Потом я услышал звуки военного оркестра и под барабанную дробь родное: “Нас ждет огонь смертельный…” Барабанщицы и сами не подозревали, как близки они были к истине…

За несколько секунд до матча я увидел, как один человек, выставив перед собой четыре полулитровых пластиковых стакана с пивом, лихорадочно пил из каждого по глотку. Стремясь успеть до стартового свистка.

– Да не торопись ты, – сказал я ему, – это надо видеть трезвым.

– Да я увижу, – сказал он. – Просто поставить некуда: все равно собьют.
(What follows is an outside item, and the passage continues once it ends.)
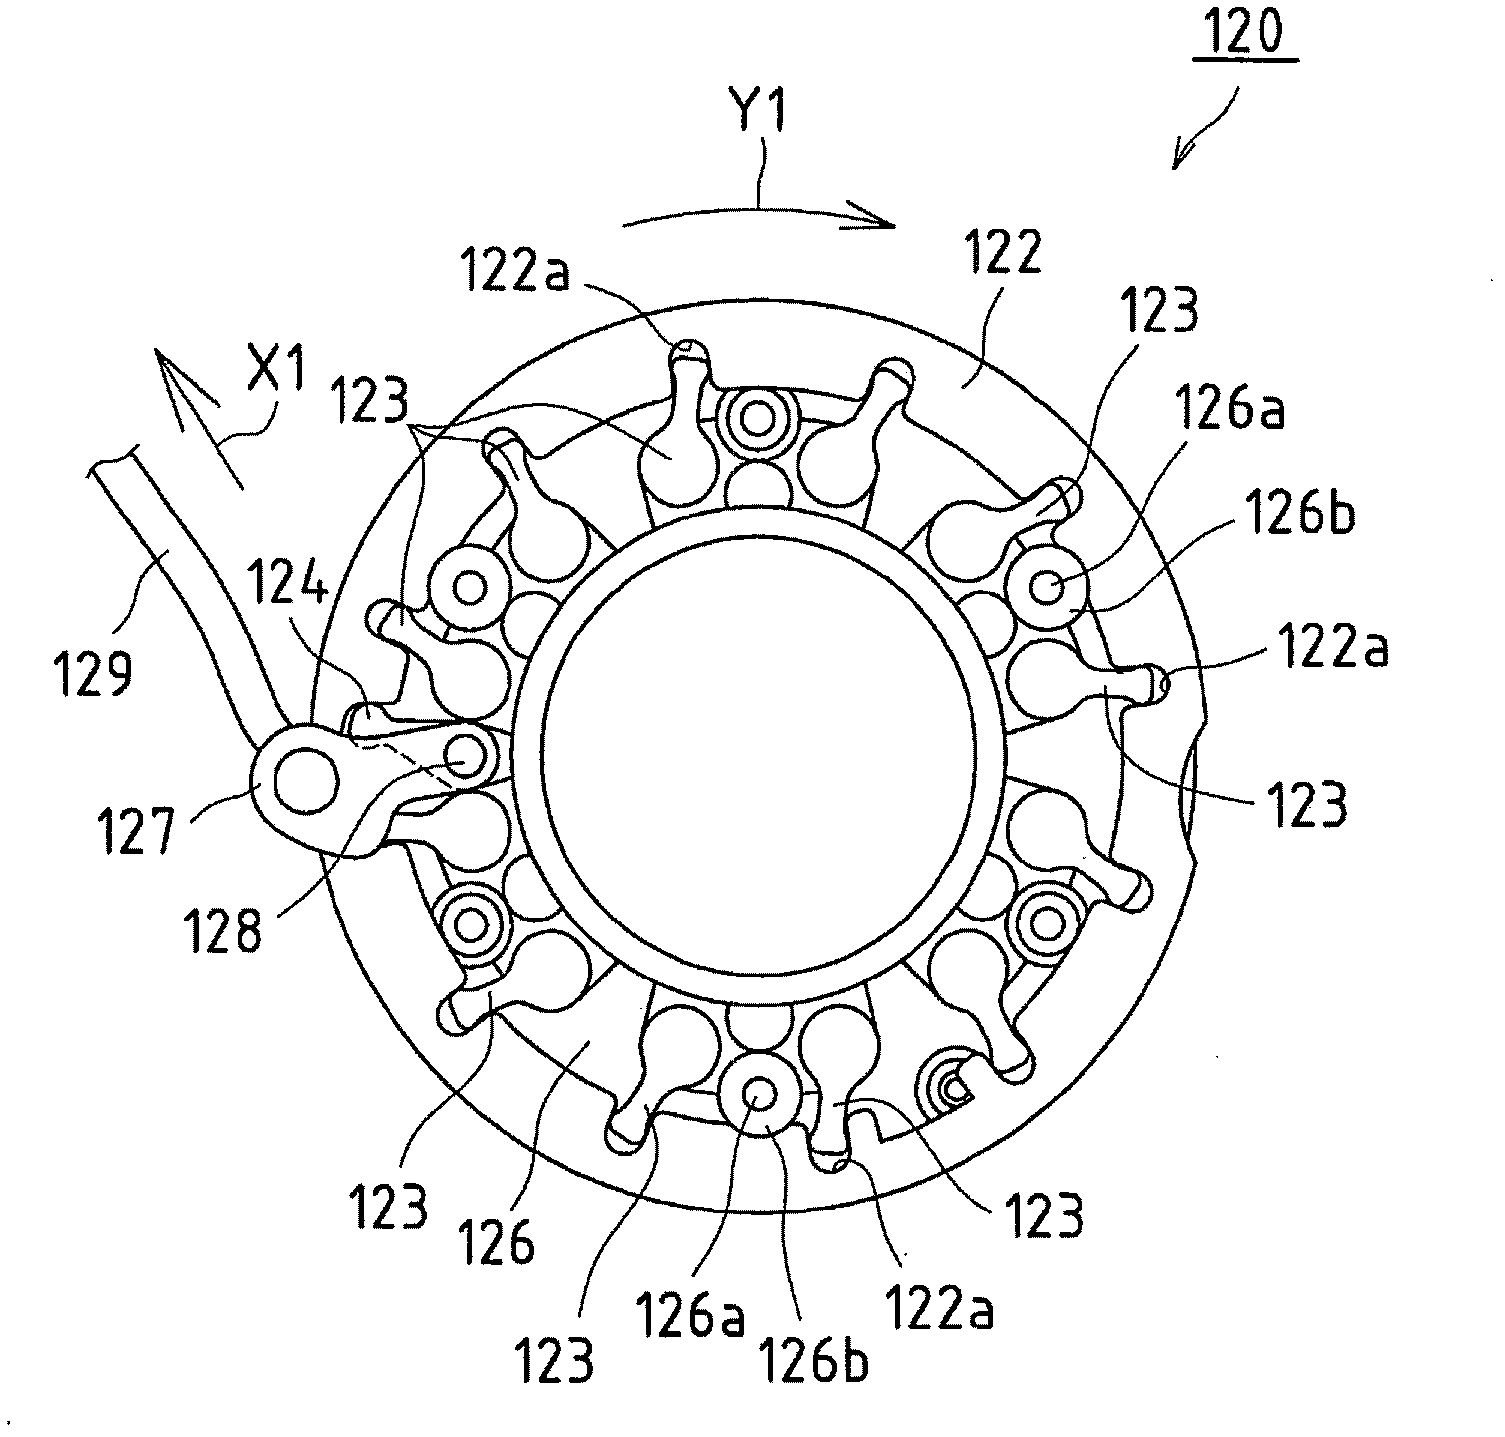 Apparatus for controlling internal combustion engine provided with turbocharger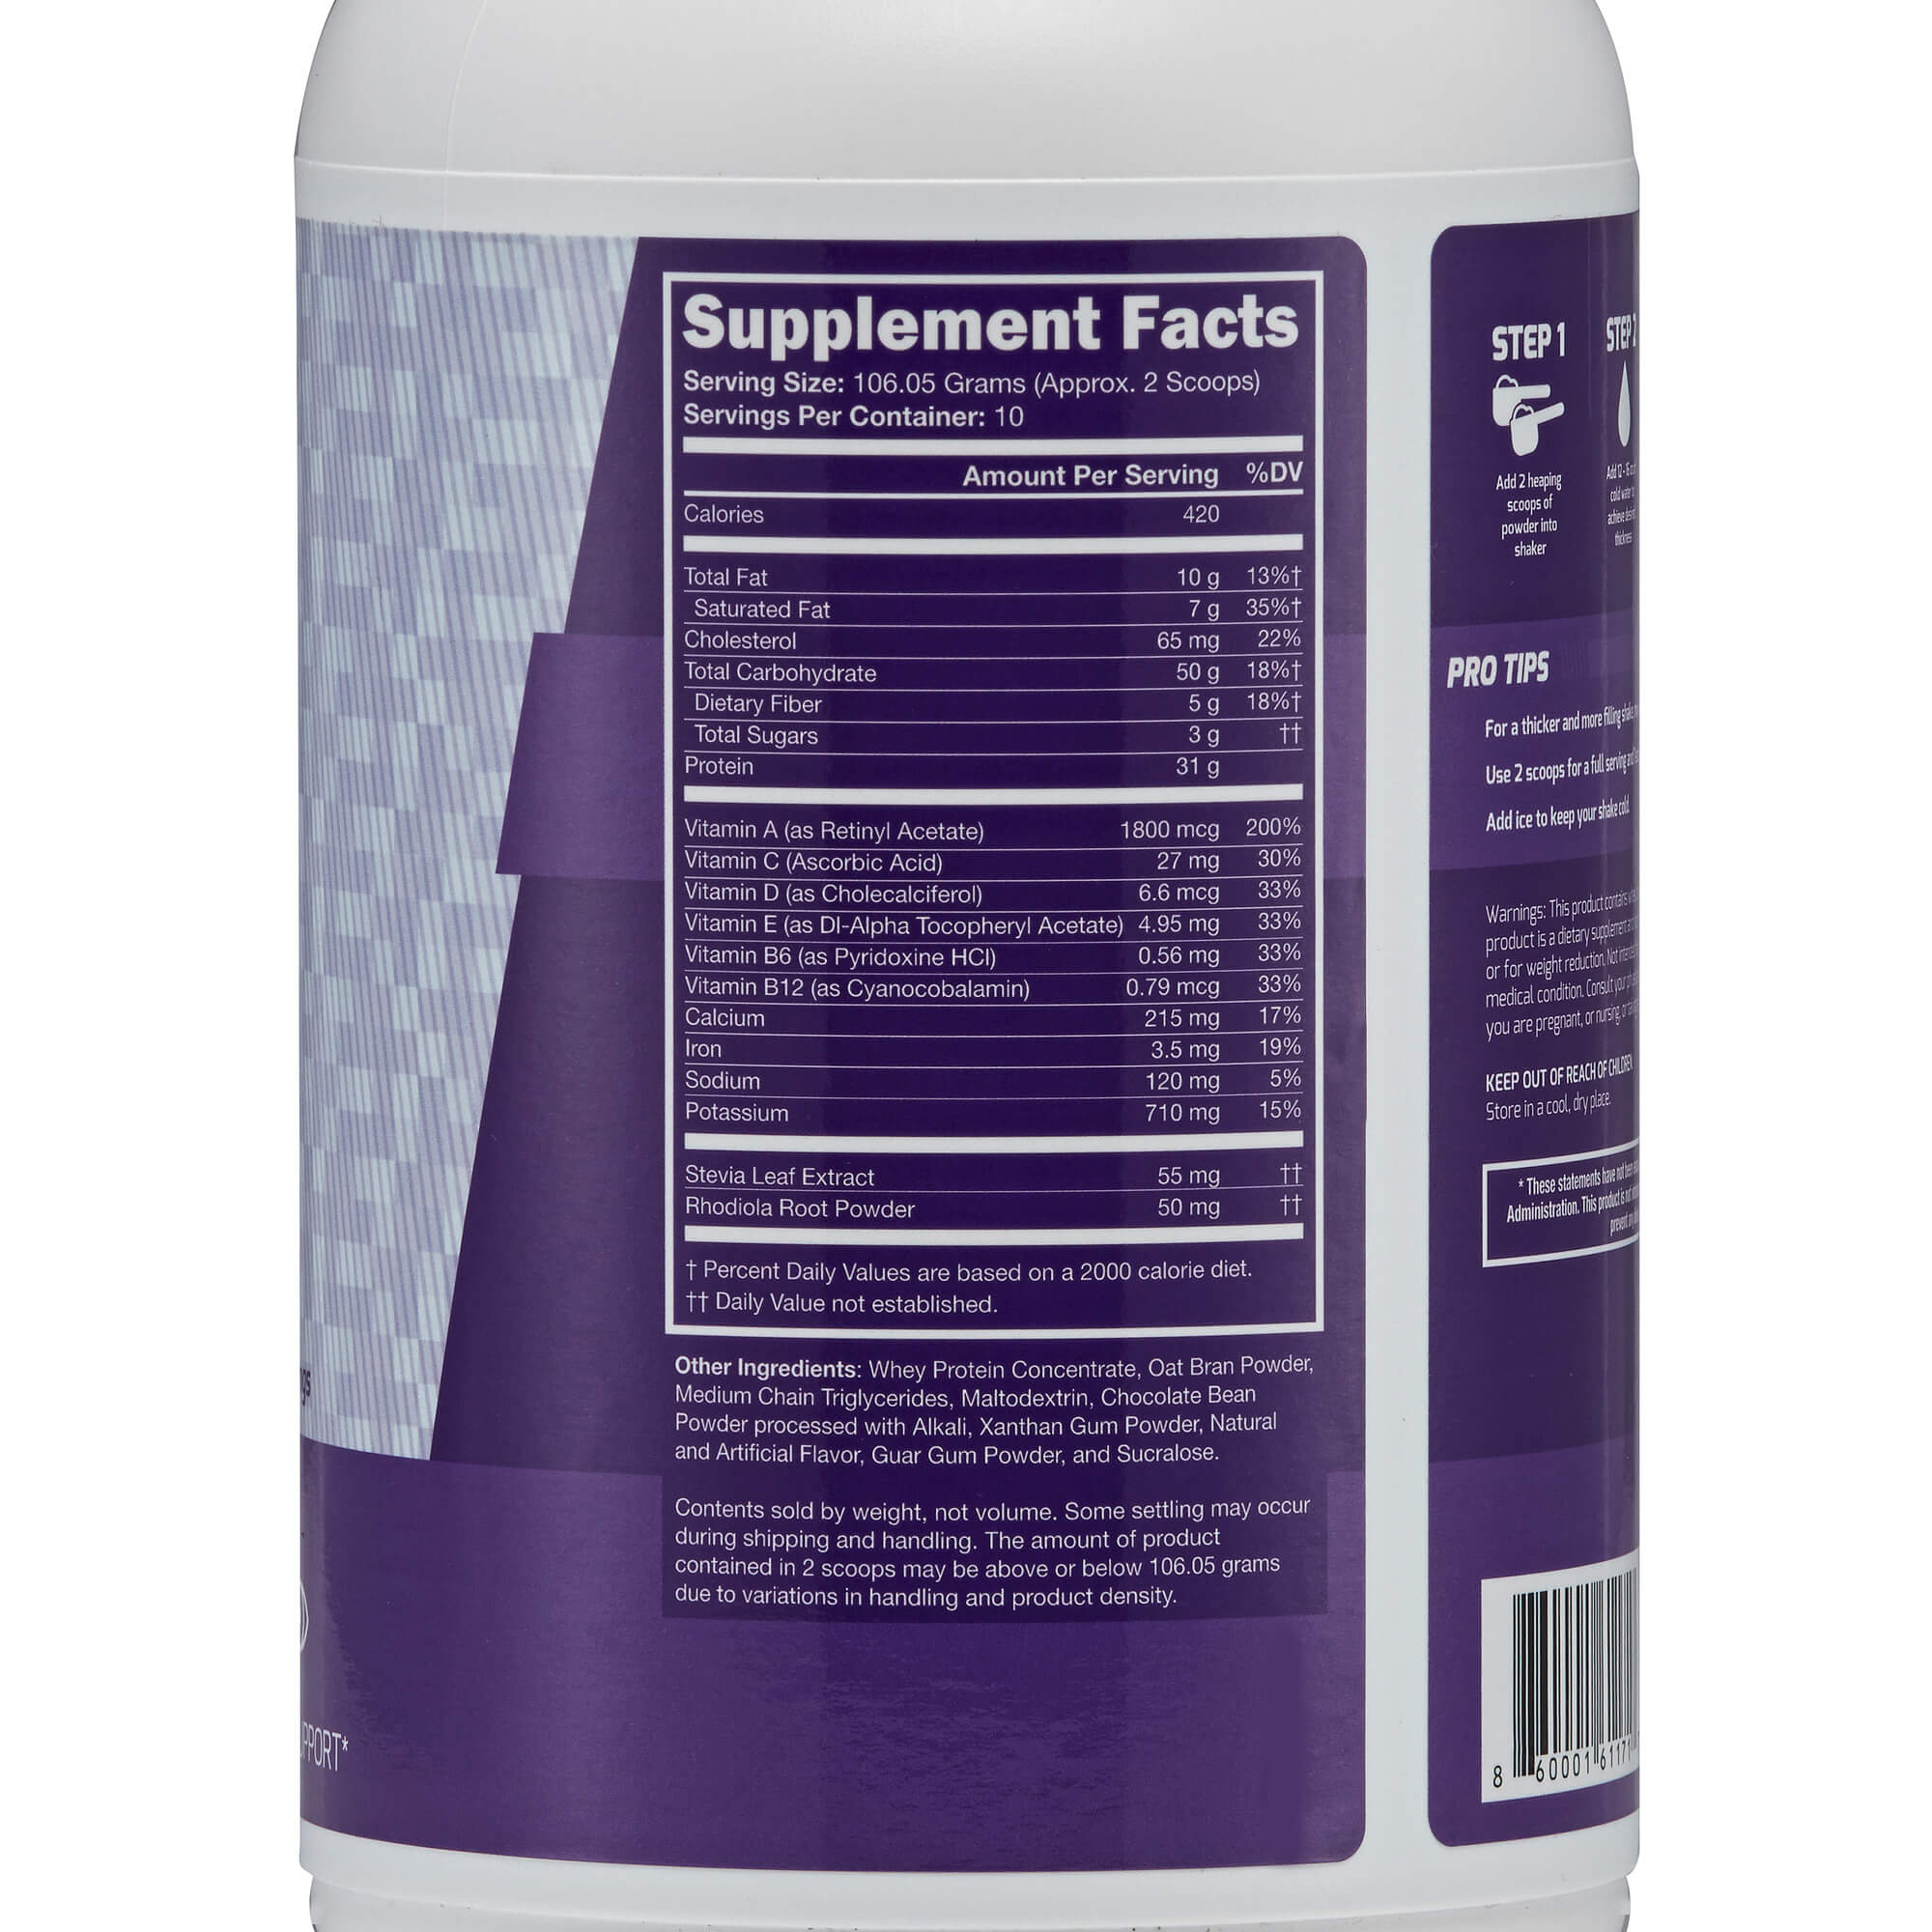 Chocolate meal replacement shake nutrition facts label listing ingredients: whey protein, oat bran powder, MCT, maltodextrin, chocolate bean powder, xanthan gum, flavors, guar gum, sucralose

Надо успеть выпить. А так-то пиво безалкогольное. Другого не продают.

Все шло как надо, пока не начался матч.

Ветераны российского футбола переживали за Аршавина:

– Андрюха мысленно уже в “Барселоне”… А зря… Ох, зря… Вот этого я и боялся…

Эти люди боялись всего – и правильно делали. Ибо то, что происходило на поле, стало внушать не просто страх, а настоящий ужас. Минут через десять после начала матча по полю ходила советская команда. В ней была защита Бышовца, полузащита Романцева и нападение Ярцева. Все эти люди в свое время потренировали нашу сборную, и вот теперь она во всем своем блеске играла так, как они ее научили. Вот почему, черт возьми, именно в этот день они решили отдать должное их урокам?!

От предматчевой эйфории не осталась и следа. “От того, что я видел, – писал потом Андрей Колесников, – хотелось плакать, потому что было ясно: это конец. Потому что очень скоро все, что я чувствовал, было мучительно похоже на то, что я чувствовал десятки лет: они играли и проигрывали, а ты надеялся на чудо. А его не было!”

Я с трибуны смотрел на главное наше чудо, Гуса Хиддинка, и понимал, что сегодня это – чудо в перьях. Он медленно ходил вдоль бровки, уходил к скамейке запасных, возвращался – и таким до обидного прогулочным шагом, что я вдруг осознал: да он же все понял и ничего не может сделать. Чудес не бывает.

Хотелось не видеть всего этого – и нельзя было не смотреть. Они перестали бегать – и у меня тоже отнялись ноги.

Я смотрел на людей вокруг меня. На их лицах застыла какая-то тупая детская обида: за что? Что сделали мы всем этим 11 игрокам? За что они это сделали с нами? Почему не играют? Да они же играли еще несколько дней назад!

При этом счет был 0:0. Перерыв. Подходя к туалету, я услышал, как болельщики потрясенно говорят между собой:

– Ты видел, Абрамович зашел в сортир?! Один! Сам Абрамович!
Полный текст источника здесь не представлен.